A complementary monetary policy has accompanied these. A 25-basis point reduction in the policy repo rate followed February’s budgetary measures with a further 25-basis point easing in April. In the latest round this month, the monetary policy review frontloaded a volley of forceful actions to boost growth, confident that the decline in inflation was durable. An unexpected 50-basis point cut in the policy rate was reinforced with a percentage point reduction in the fraction of bank deposits to be held as reserves with the central bank. This is bolstered by significant liquidity expansion for faster percolation of the interest rate cuts throughout the financial system and thereon to the real economy to improve aggregate demand.

In all, interest rates have been reduced one percentage point in less than six months to lower borrowing costs for consumers and businesses to encourage spending. Moreover, in a post-policy interview last week, the governor of the Reserve Bank of India hinted at further easing should inflation turn out lower than projected. The potential held out hope as market beliefs had converged to ‘no more rate cuts’ following the earlier communication of the policy resolution.

That policy space looks increasingly non-existent now. Oil prices, which ranged ~$77 a barrel before the US’s bombing of Iranian nuclear facilities, jumped to $79 a barrel a day ago; it is difficult to say how much further it can go, especially with shipping route disruptions. The present range compares with $70 factored in by the RBI in its April calculations at Rs 86 per dollar. There’s no foresight on the level at which global crude prices would eventually settle or whether they would revert to the pre-crisis range.

At the very least, the shock alerts policymakers into watchfulness. The caution is immediate because a rise in oil prices endangers all important indicators of macroeconomic health — inflation, the fiscal position, balance of payments that includes current and financial or capital accounts, and the currency. Together, these come under pressure with instant reflection upon the rupee — the currency has been weakening in the past week as expected while market expectations see the rupee value at ~87 to the dollar for the next two months. Risks to the evolving inflation outlook have risen, the balance tilting to price stability. This freezes the potential for further monetary easing.

Inflation isn’t the only consideration. Policies must be mindful of the external front as well.
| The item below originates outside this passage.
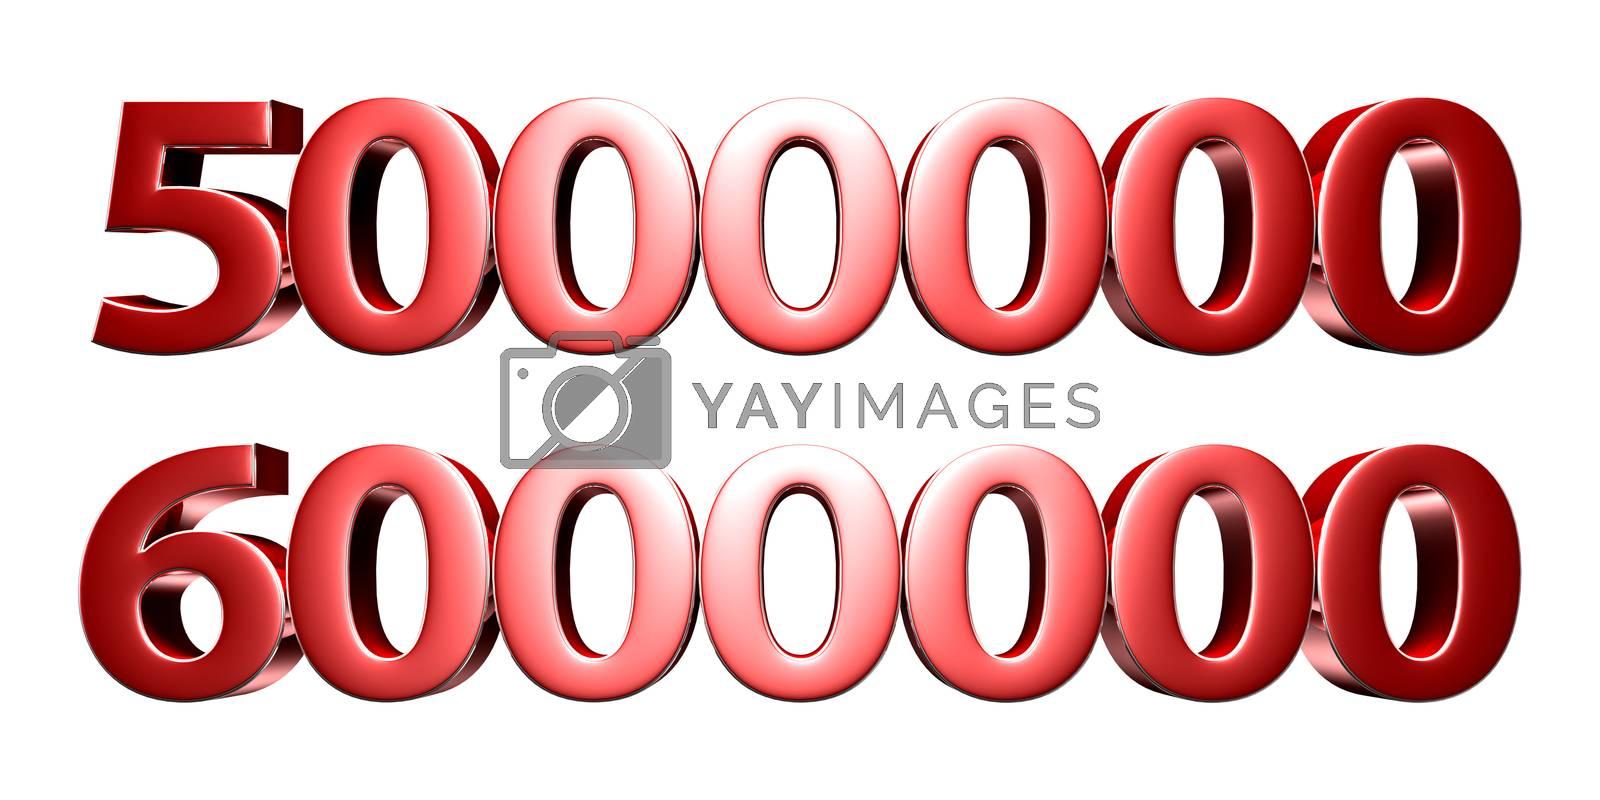 5 million and 6 million 3d. by thitimontoyai

The balance of goods’ trade is extremely susceptible to oil price increases, typically responding with discomforting expansion from higher import payments; the pressure compounds if export growth is weak or slowing, as is the case now, with worsening world trade prospects. The financial side, or capital account, has traditionally helped bridge such gaps but that is not the case at present. Foreign capital inflows of all hues — short-term and foreign direct investments — have progressively weakened since last year. Portfolio capital outflows are -$10 billion in 2025, with -$3.6 billion exiting debt and equity markets this June alone; such foreign capital is sensitive to interest rates and currency movements. Long-term capital or FDI has been falling for some years; this plummeted (97% to $0.35 billion in 2024-25. Any worsening, therefore, pressurises external stability and rupee value, shaking investor confidence with financial market reverberations.
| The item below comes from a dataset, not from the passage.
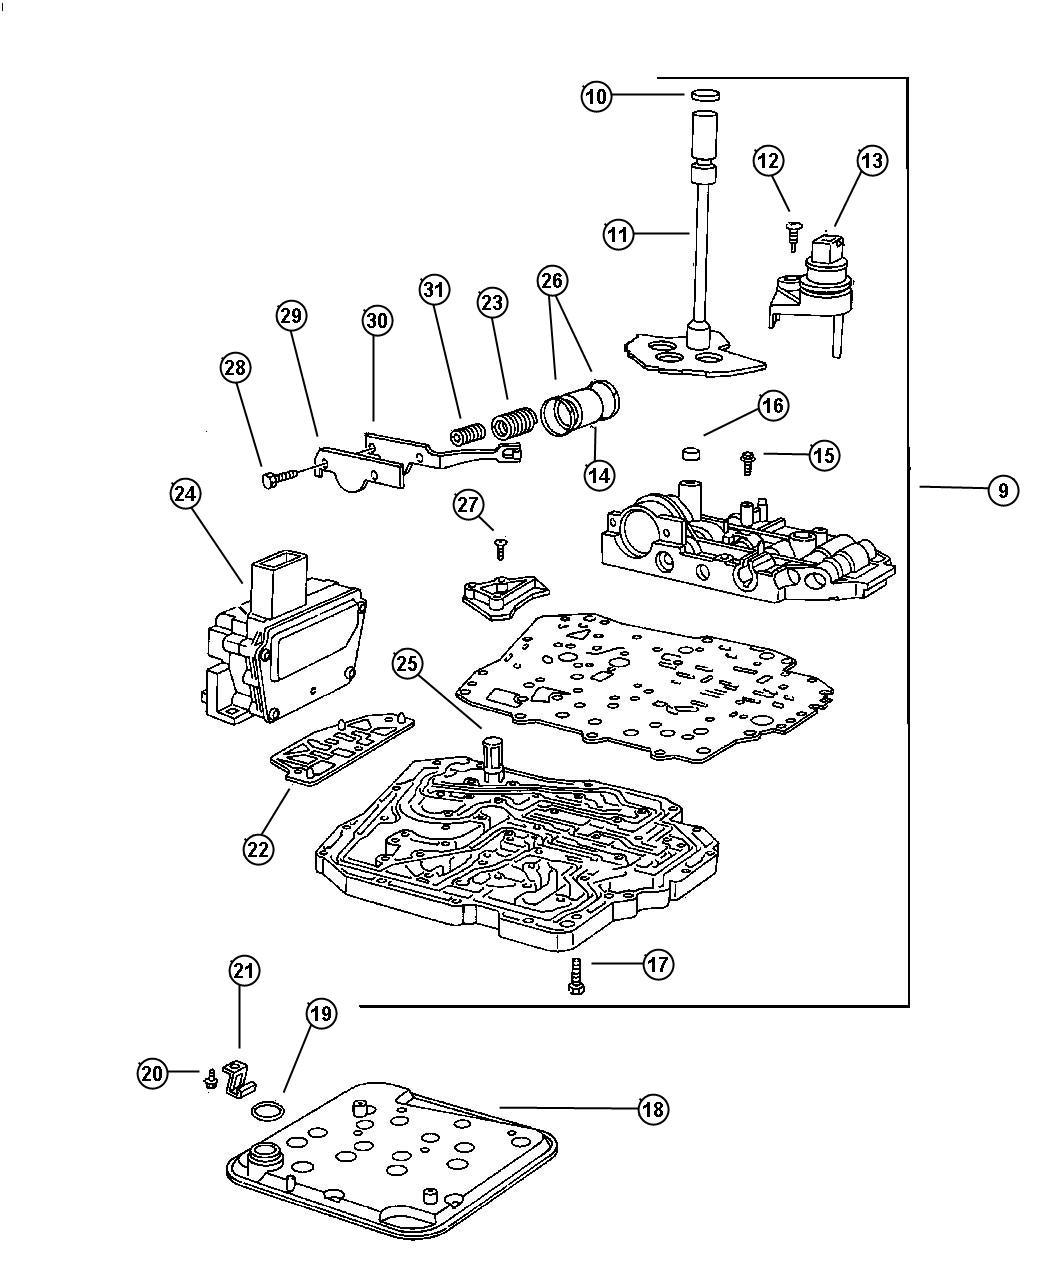 Valve Body Automatic Transaxle, (DGX)

It is evidently difficult to gauge the severity and the duration of the shock at this point. A short-lived surge can be withstood and managed by existing policy armours; this includes government support in staying retail fuel prices to check the pass-through of higher imported crude prices by the public oil companies. However, an extended stretch and a widening of the conflict in the Gulf region could inflict real damages. An oil price shock drags down output and drives up prices, or, in other words, is stagflationary. This is far more difficult and complex a configuration for policymakers to manage as growth and inflation move in opposite directions, necessitating tighter policies which magnify the adverse growth impact.

It is troubling that this fresh shock comes when most policy room is spent to boost growth, which is expected to be no higher than that achieved last year or 6.5%. The impact, if severe, may well dilute economic responses to these recent policy efforts, delaying prospects of a quicker upturn, and dent growth if prolonged. Besides, we must reckon the setback to business investments, especially with external exposure, from the unusually high uncertainty environment created.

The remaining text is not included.